The Amritsar Massacre

Troops under the command of Brigadier-General Reginald Dyer killed hundreds of unarmed demonstrators on 13 April 1919.

The Jallianwalla Bagh in 1919, months after the massacre.More than a million Indians fought for Britain in the First World War, 60,000 of whom were killed. In the immediate aftermath of the war, pressure for Indian independence mounted. Early in April 1919 news of the arrest of Indian nationalist leaders in the Sikh holy city of Amritsar sparked riots in which a mob went on the rampage, killing several Europeans, leaving an English female missionary for dead, and looting numerous banks and public buildings. British and Indian troops under the command of Brigadier-General Reginald Dyer were sent to restore order and Dyer banned all public meetings which, he announced, would be dispersed by force if necessary.

Despite this, thousands gathered in protest in a walled enclosure called the Jallianwala Bagh, near the city’s Golden Temple, sacred to Sikhs. Dyer marched a force of 90 Gurkha and Indian soldiers into the enclosure and, without warning, they opened fire for about 10 to 15 minutes on the panicking crowd trapped in the enclosure. According to an official figure, 379 were killed and some 1,200 wounded, though other estimates suggest much higher casualties. Many died when they leapt into a deep well to escape the gunfire. Dyer withdrew his men, leaving the dying and wounded where they lay. Dyer issued instructions that all Indians traversing the street where the woman missionary had been attacked were to crawl along it on their hands and knees. His actions were praised by the governor of the Punjab, Sir Michael O’Dwyer, and he was made an honorary Sikh by the elders of the Golden Temple. Excused from growing a beard, he did promise to cut his smoking by one cigarette a year.

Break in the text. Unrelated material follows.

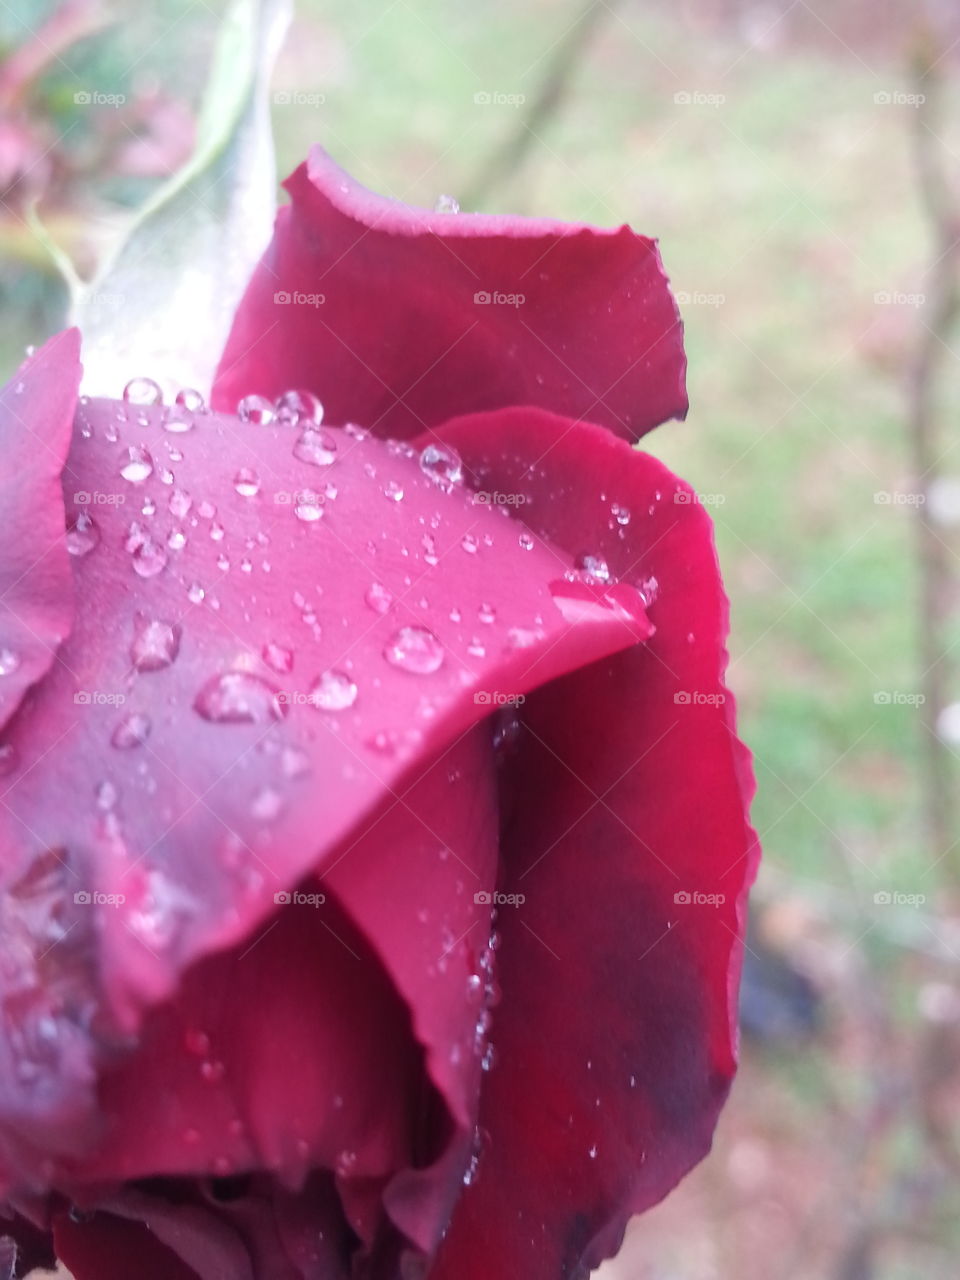 Romantic rose with rain, early spring signs

The news of the massacre provoked fierce disapproval. Speaking in the House of Commons, Winston Churchill condemned ‘an extraordinary event, a monstrous event, an event which stands in singular and sinister isolation’. A committee under Lord Hunter, a Scottish judge, was appointed to report on what had happened. Dyer appeared before it to defend himself, but its conclusions were damning; he was strongly censured and forced to resign from the Indian Army. Opinion was divided between those who agreed with the Hunter Committee’s verdict and those who thought that Dyer had acted effectively to prevent another Indian Mutiny. The episode soured relations between British and Indian politicians for years, but it helped to gather recruits to Mahatma Gandhi’s policy of non-violent resistance to British rule.

Dyer died in England in 1927. Sir Michael O’Dwyer was assassinated in  London in 1940 by a Sikh revolutionary, Udham Singh, who had been injured at Amritsar. He was duly hanged. Gandhi condemned his action as senseless, but in some quarters in India he was praised as a heroic martyr.